Task item: Of all the entries below, retype only the lines from the one with "Cable USB WireWorld" through the one with "Religious Chalkware Statue", exactly as they appear.

Supplied records:
↓↓↓

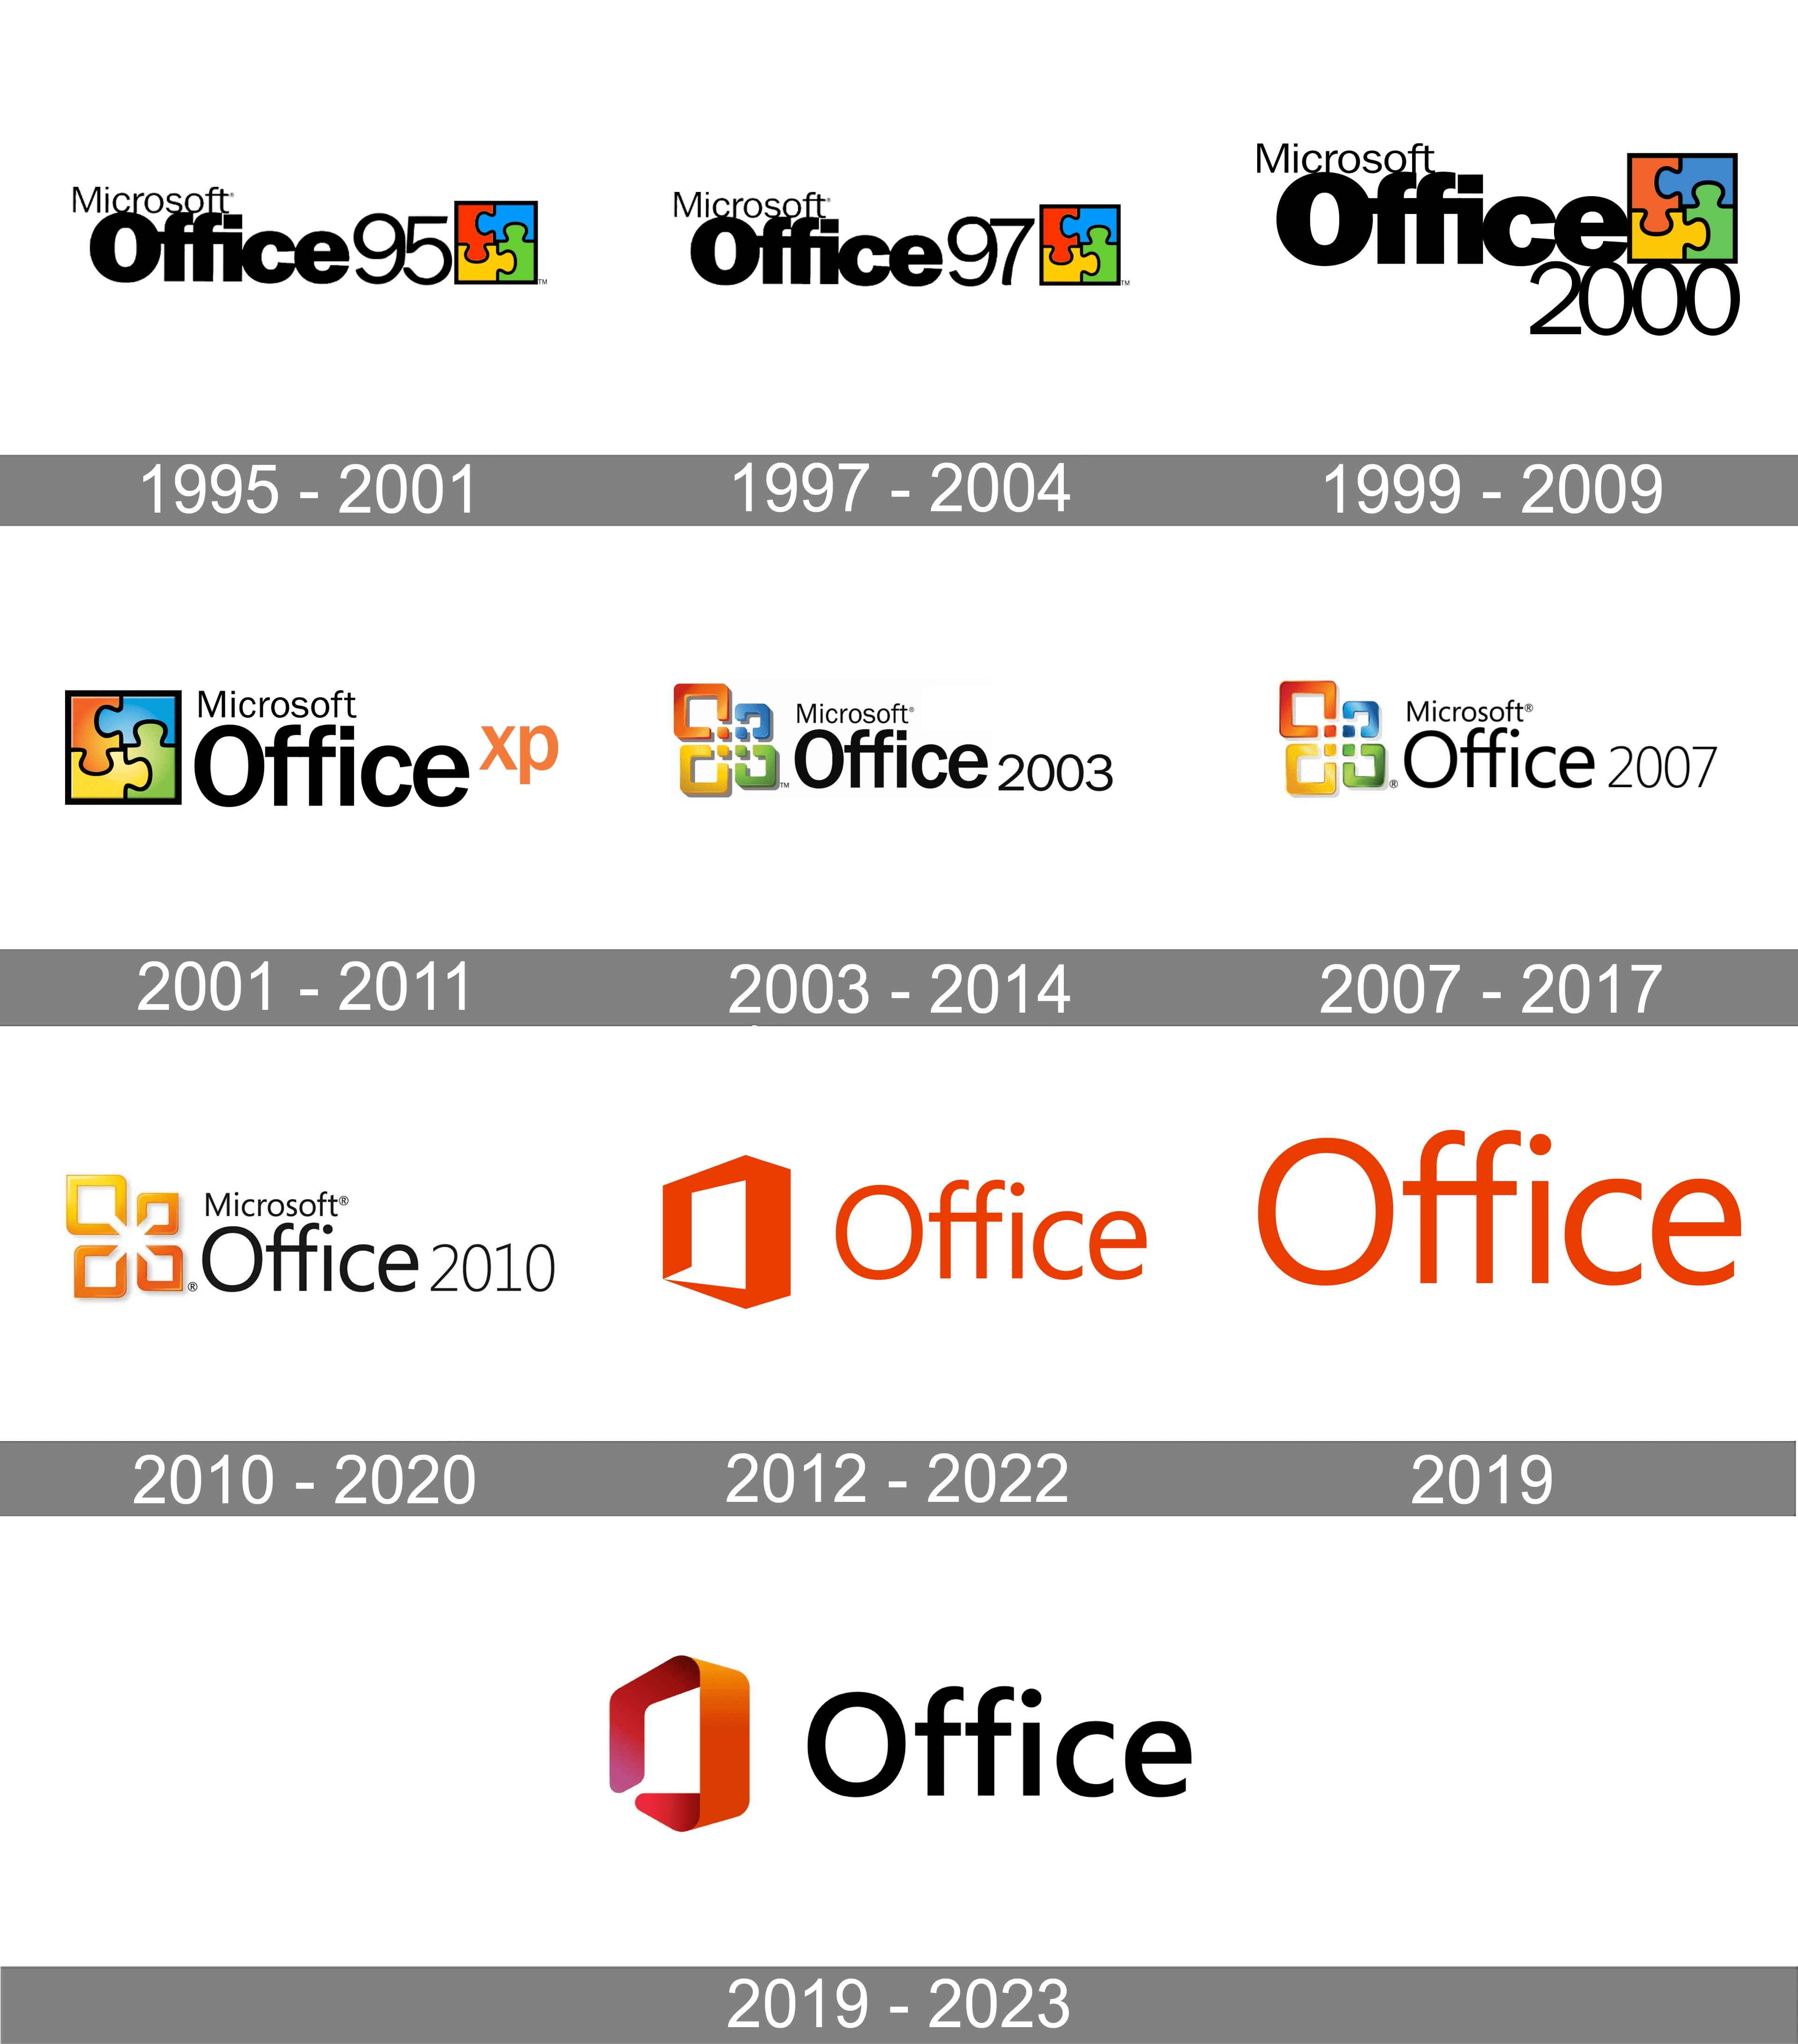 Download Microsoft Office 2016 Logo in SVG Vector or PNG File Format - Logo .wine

↑↑↑
↓↓↓

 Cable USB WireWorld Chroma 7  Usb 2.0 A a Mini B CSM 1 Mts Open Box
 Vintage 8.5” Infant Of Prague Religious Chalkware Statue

↑↑↑

The completed task:
 Cable USB WireWorld Chroma 7  Usb 2.0 A a Mini B CSM 1 Mts Open Box
 Vintage 8.5” Infant Of Prague Religious Chalkware Statue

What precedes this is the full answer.